**The data:**
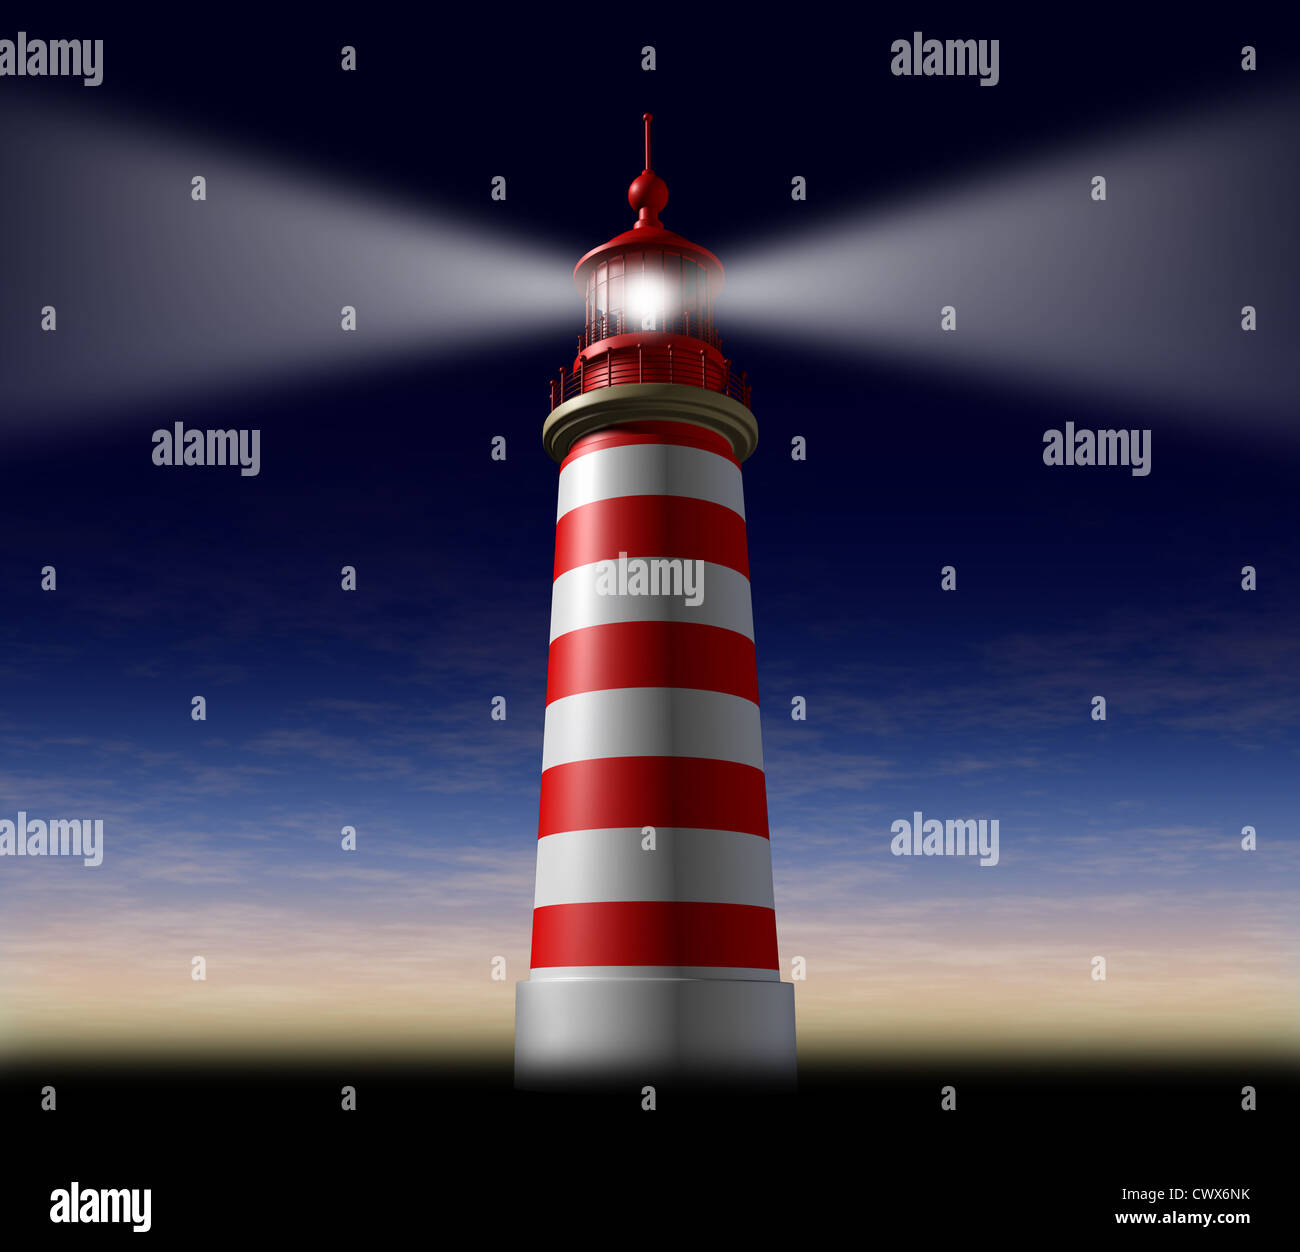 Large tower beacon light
==
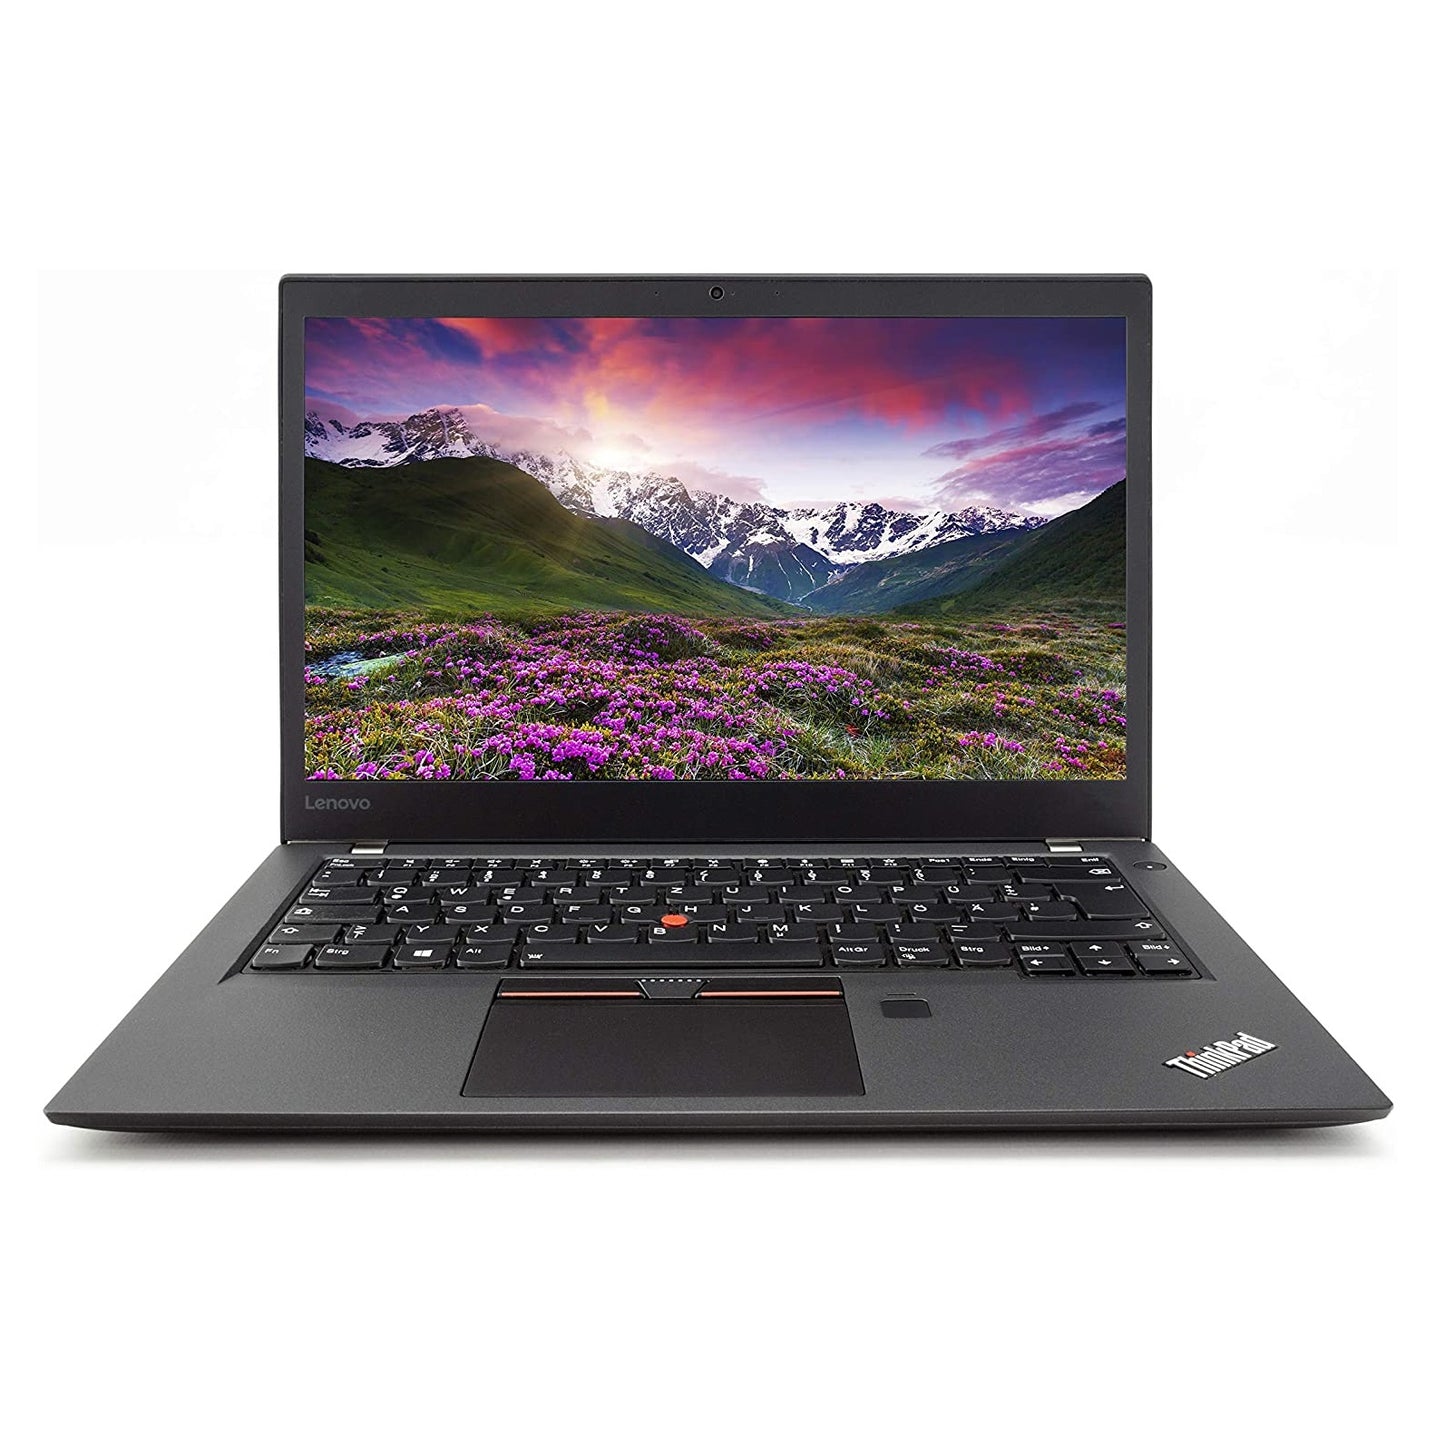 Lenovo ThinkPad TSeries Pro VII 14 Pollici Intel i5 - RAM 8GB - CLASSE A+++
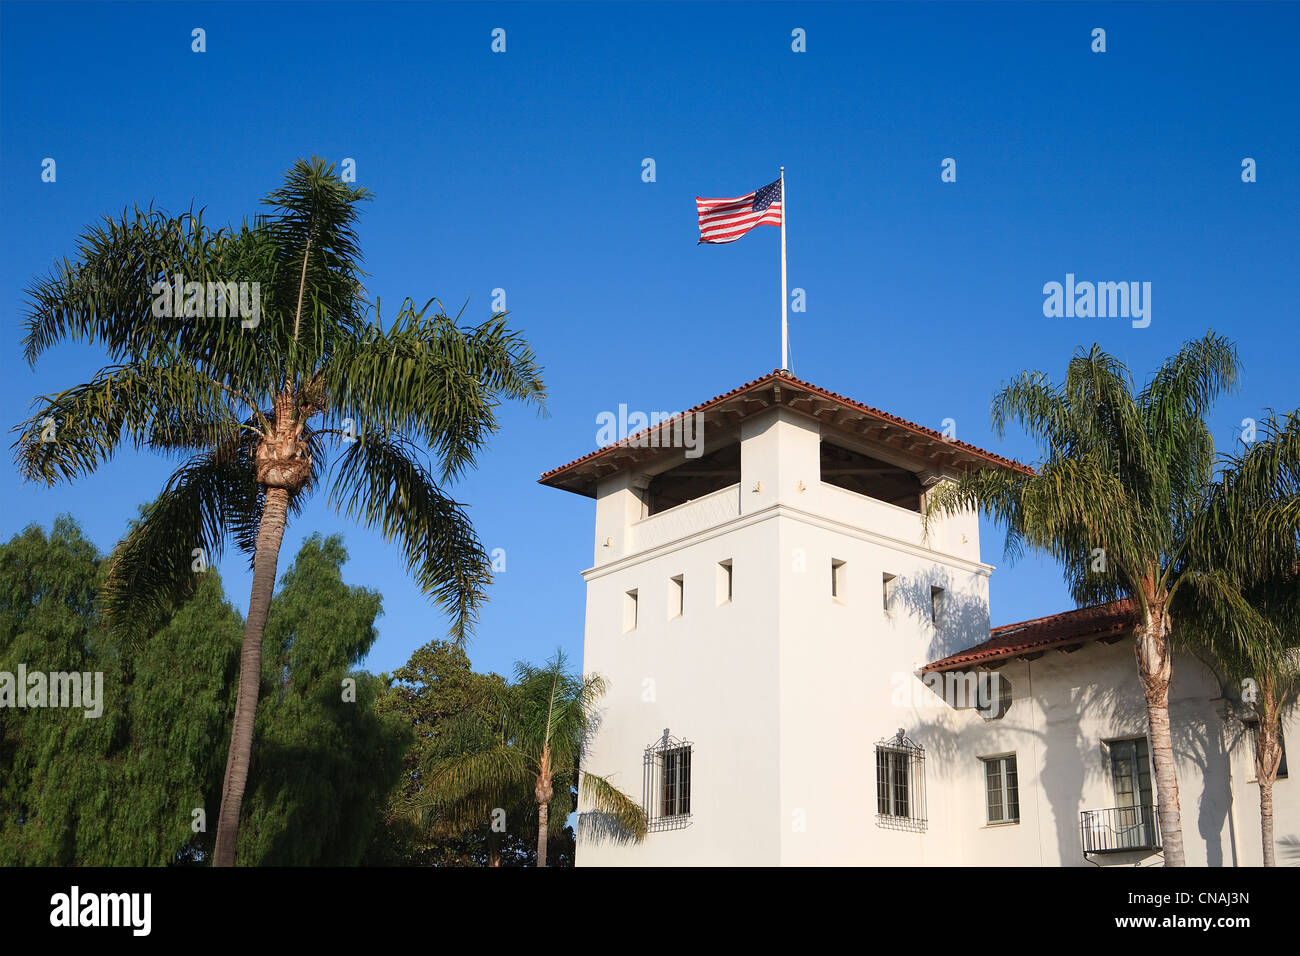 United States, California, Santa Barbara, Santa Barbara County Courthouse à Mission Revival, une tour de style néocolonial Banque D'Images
...
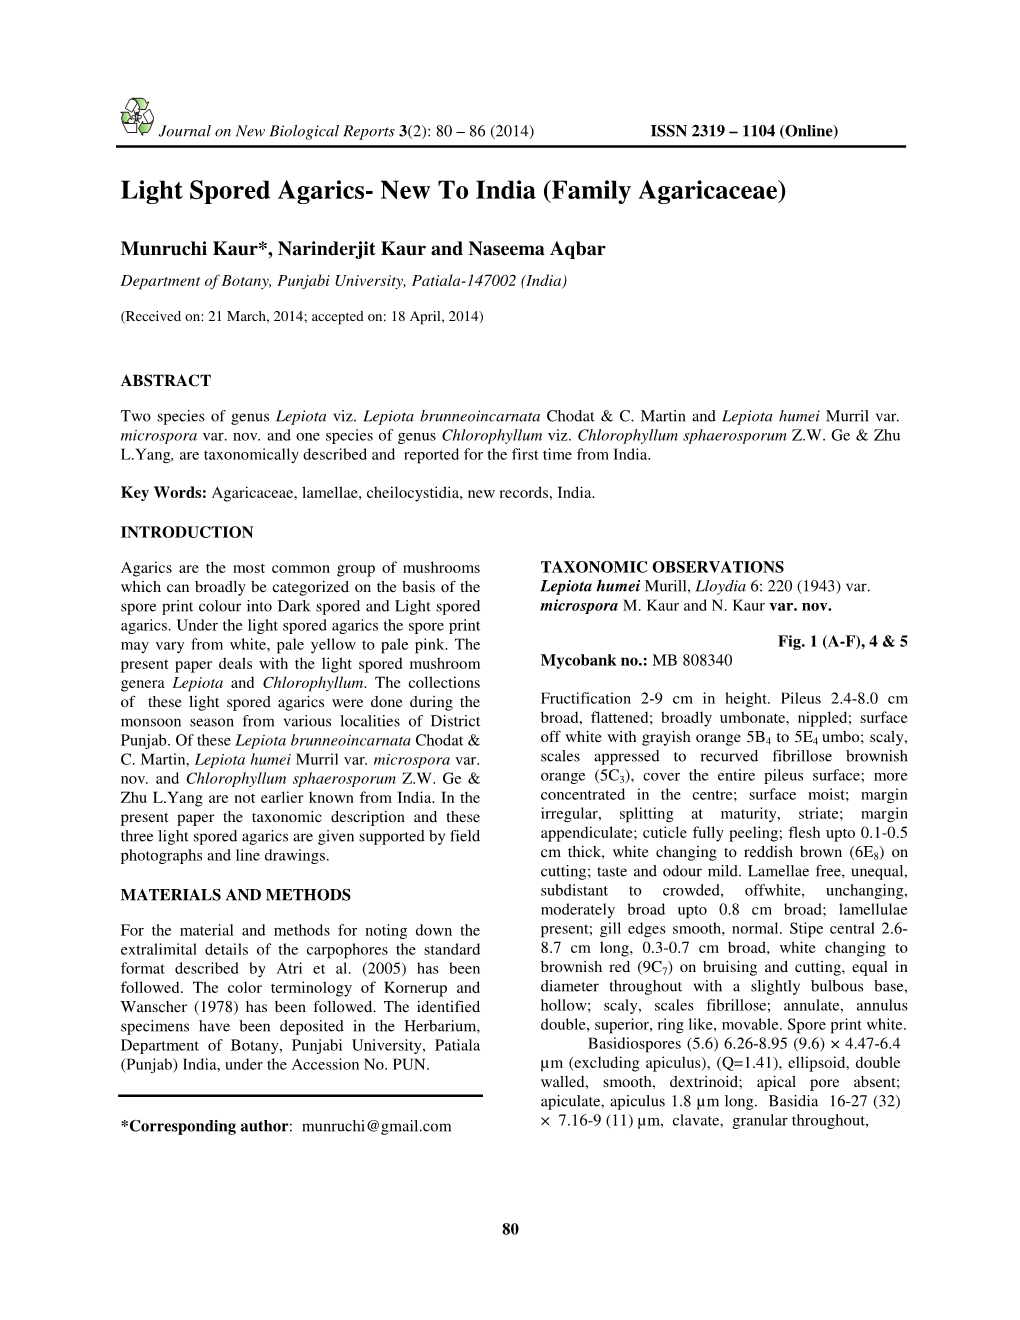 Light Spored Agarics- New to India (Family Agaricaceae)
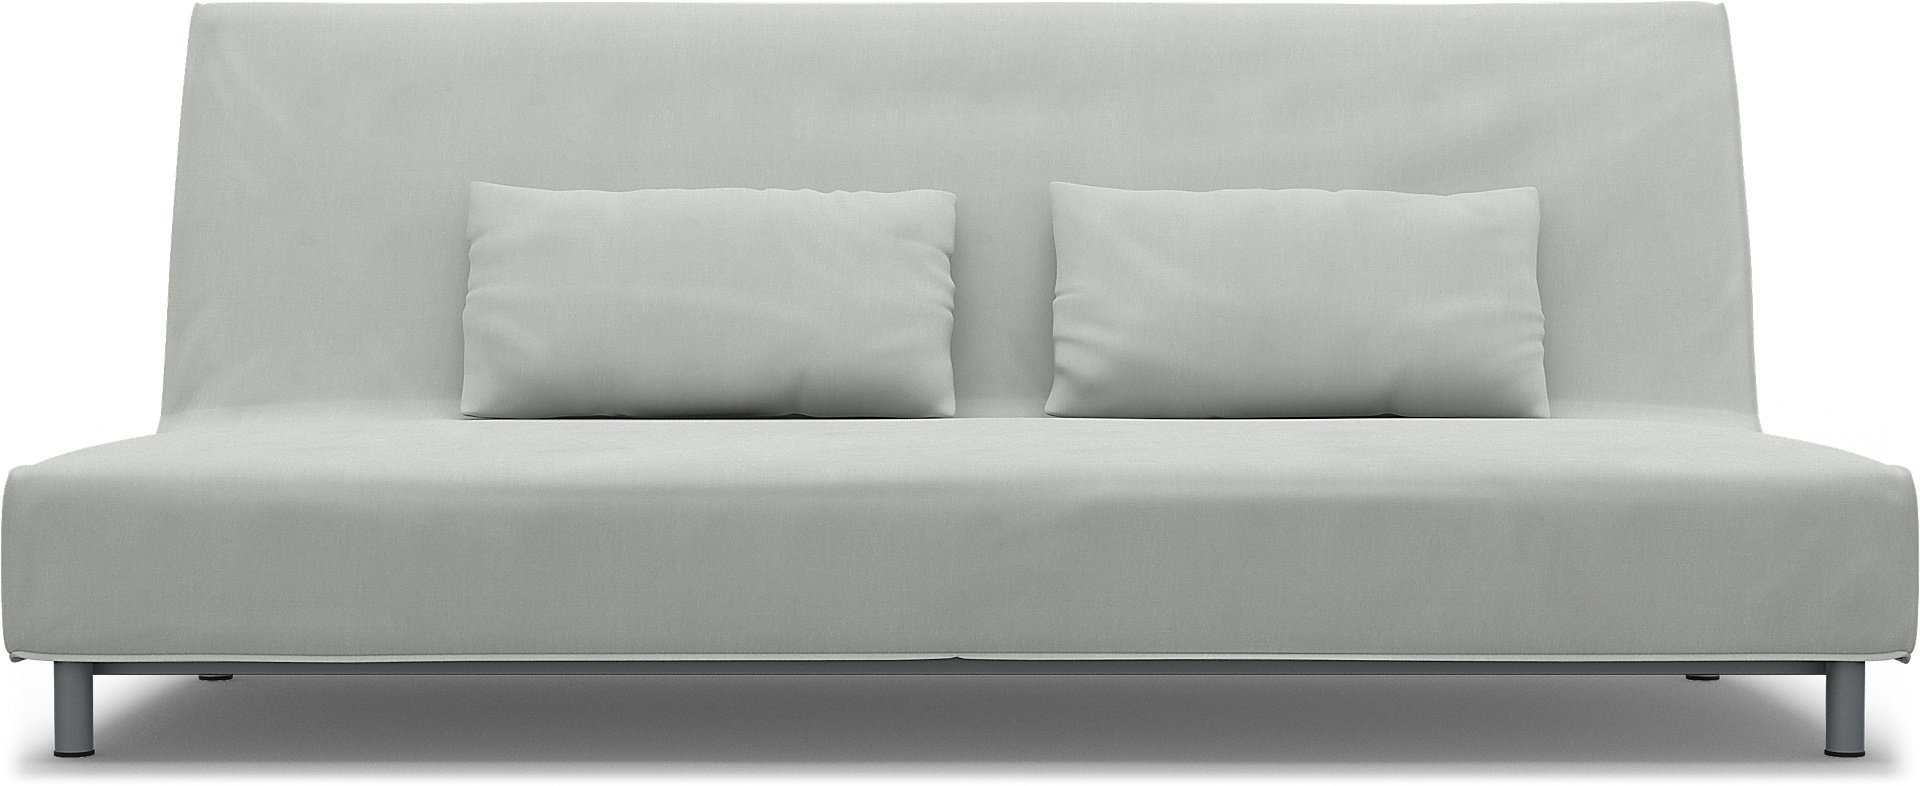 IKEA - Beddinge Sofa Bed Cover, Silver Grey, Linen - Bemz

**Exercise:** In the listing above, find the line with "Lenovo ThinkPad TSeries" and the line with "United States, California, Santa". Set down both and every line between them, minus the pictures.

**Solution for this problem:**
 Lenovo ThinkPad TSeries Pro VII 14 Pollici Intel i5 - RAM 8GB - CLASSE A+++
 United States, California, Santa Barbara, Santa Barbara County Courthouse à Mission Revival, une tour de style néocolonial Banque D'Images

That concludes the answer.